Data below:
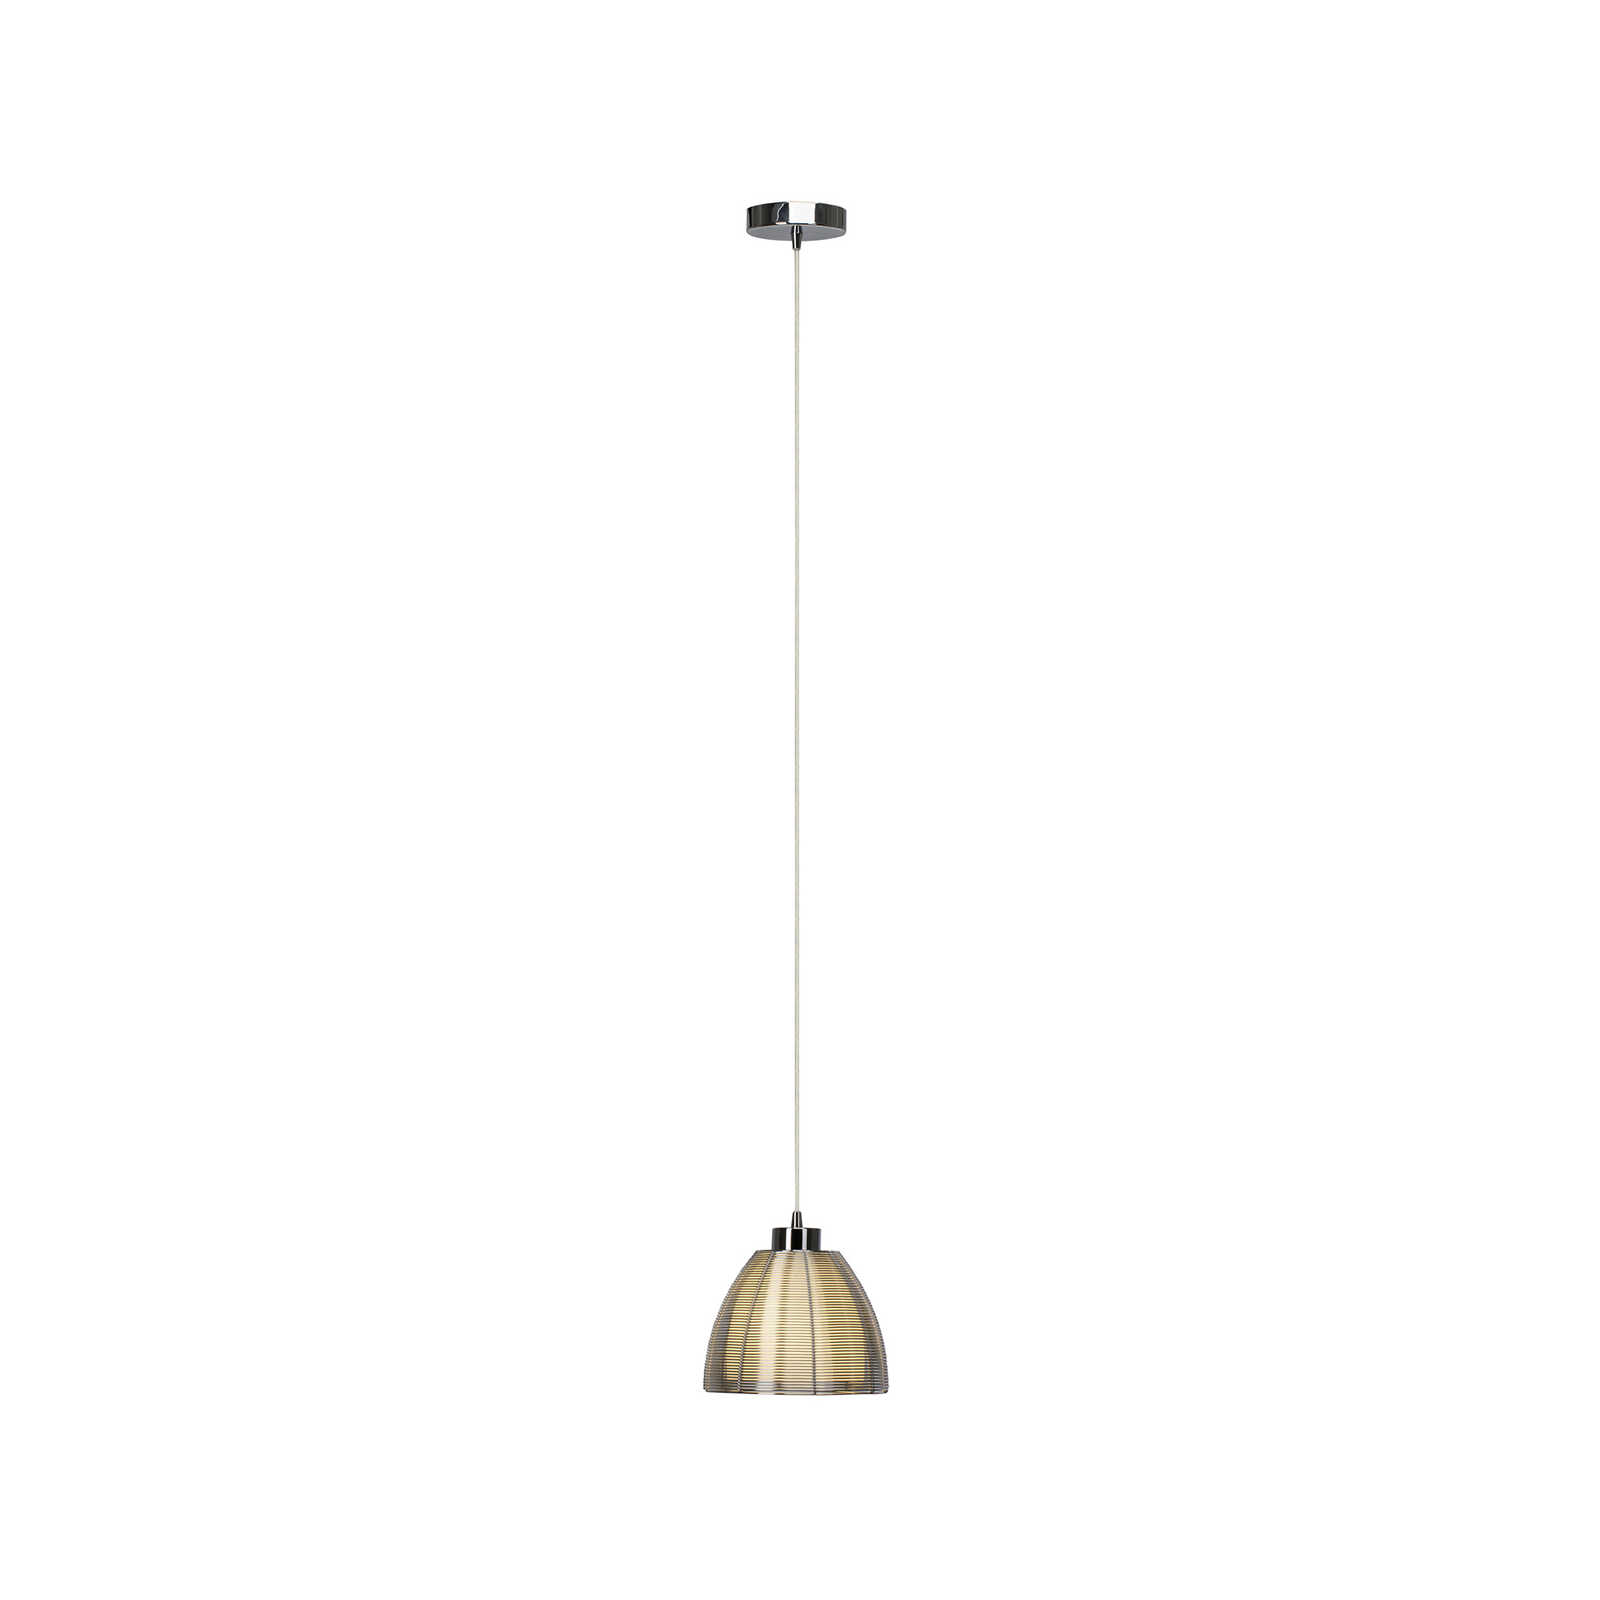 Glazen hanglamp - Maxime 1 - Metallic
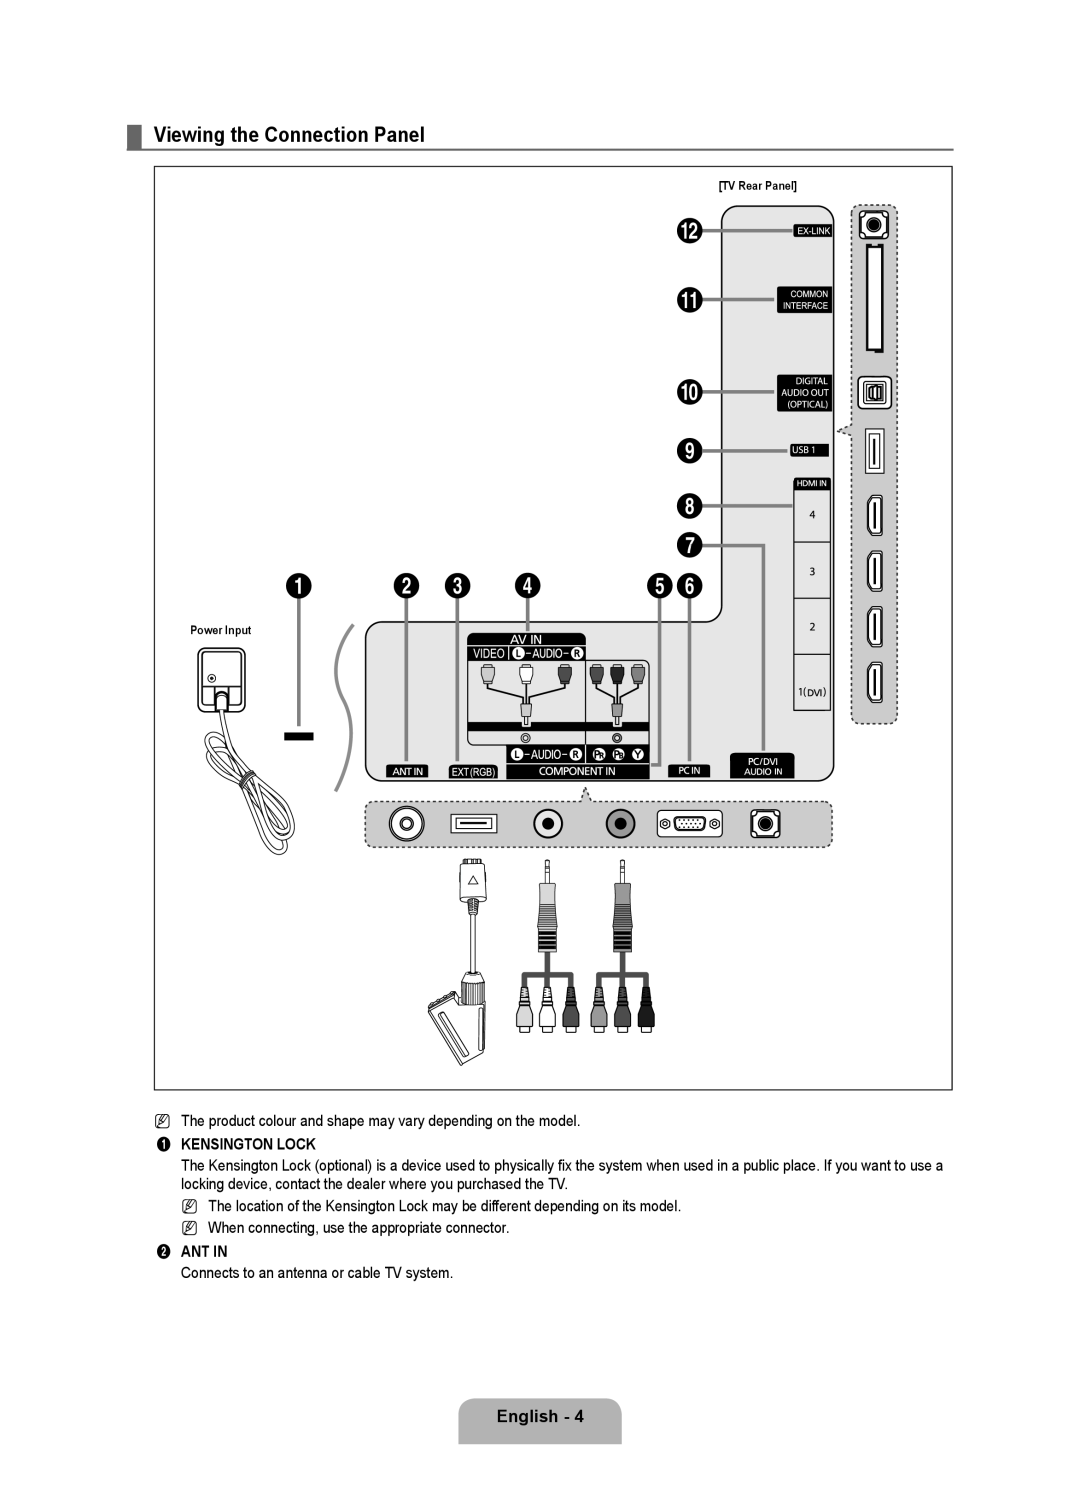 Samsung UE46B6000VWXZG, UE40B6000VWXXN, UE40B6000VWXUA manual Viewing the Connection Panel, Kensington Lock, Ant In, English 
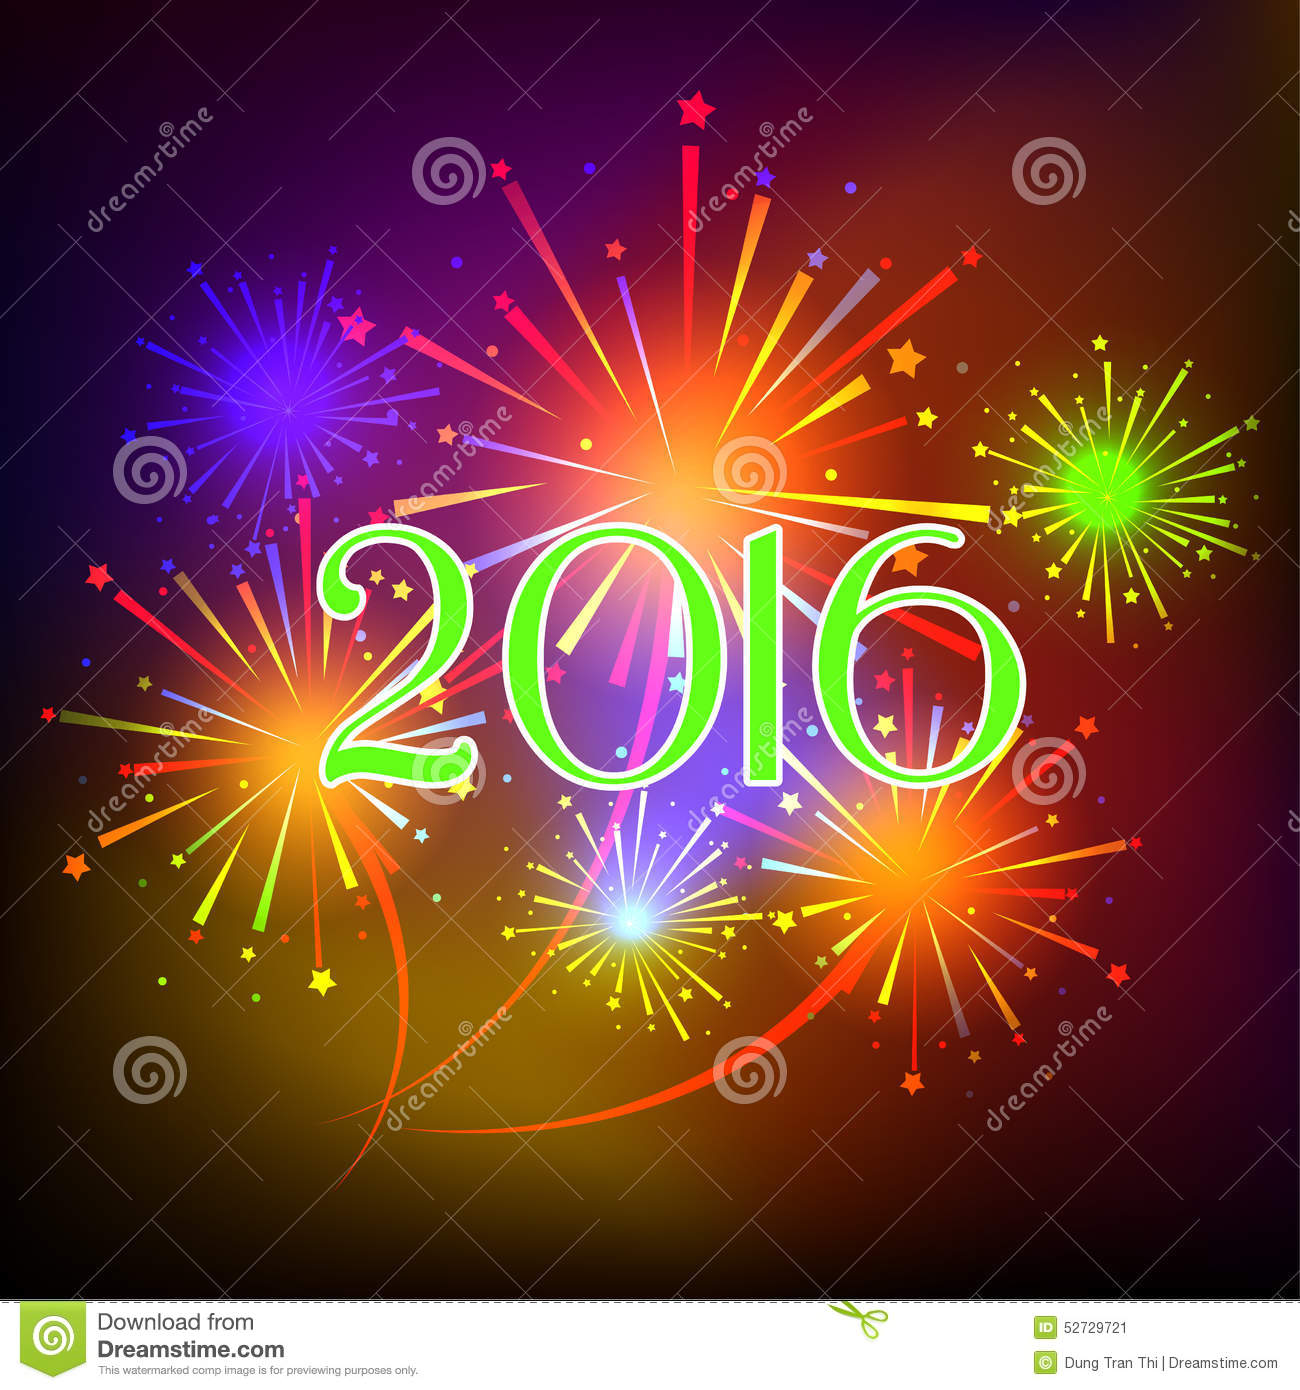 Happy New Year 2016 Image Free HD Wallpaper 17356 Wallpaper computer

Task to carry out: This task asks for the data above repeated exactly, without a single picture.

Answer to this exercise:
 Glazen hanglamp - Maxime 1 - Metallic
 Samsung UE46B6000VWXZG, UE40B6000VWXXN, UE40B6000VWXUA manual Viewing the Connection Panel, Kensington Lock, Ant In, English 
 Happy New Year 2016 Image Free HD Wallpaper 17356 Wallpaper computer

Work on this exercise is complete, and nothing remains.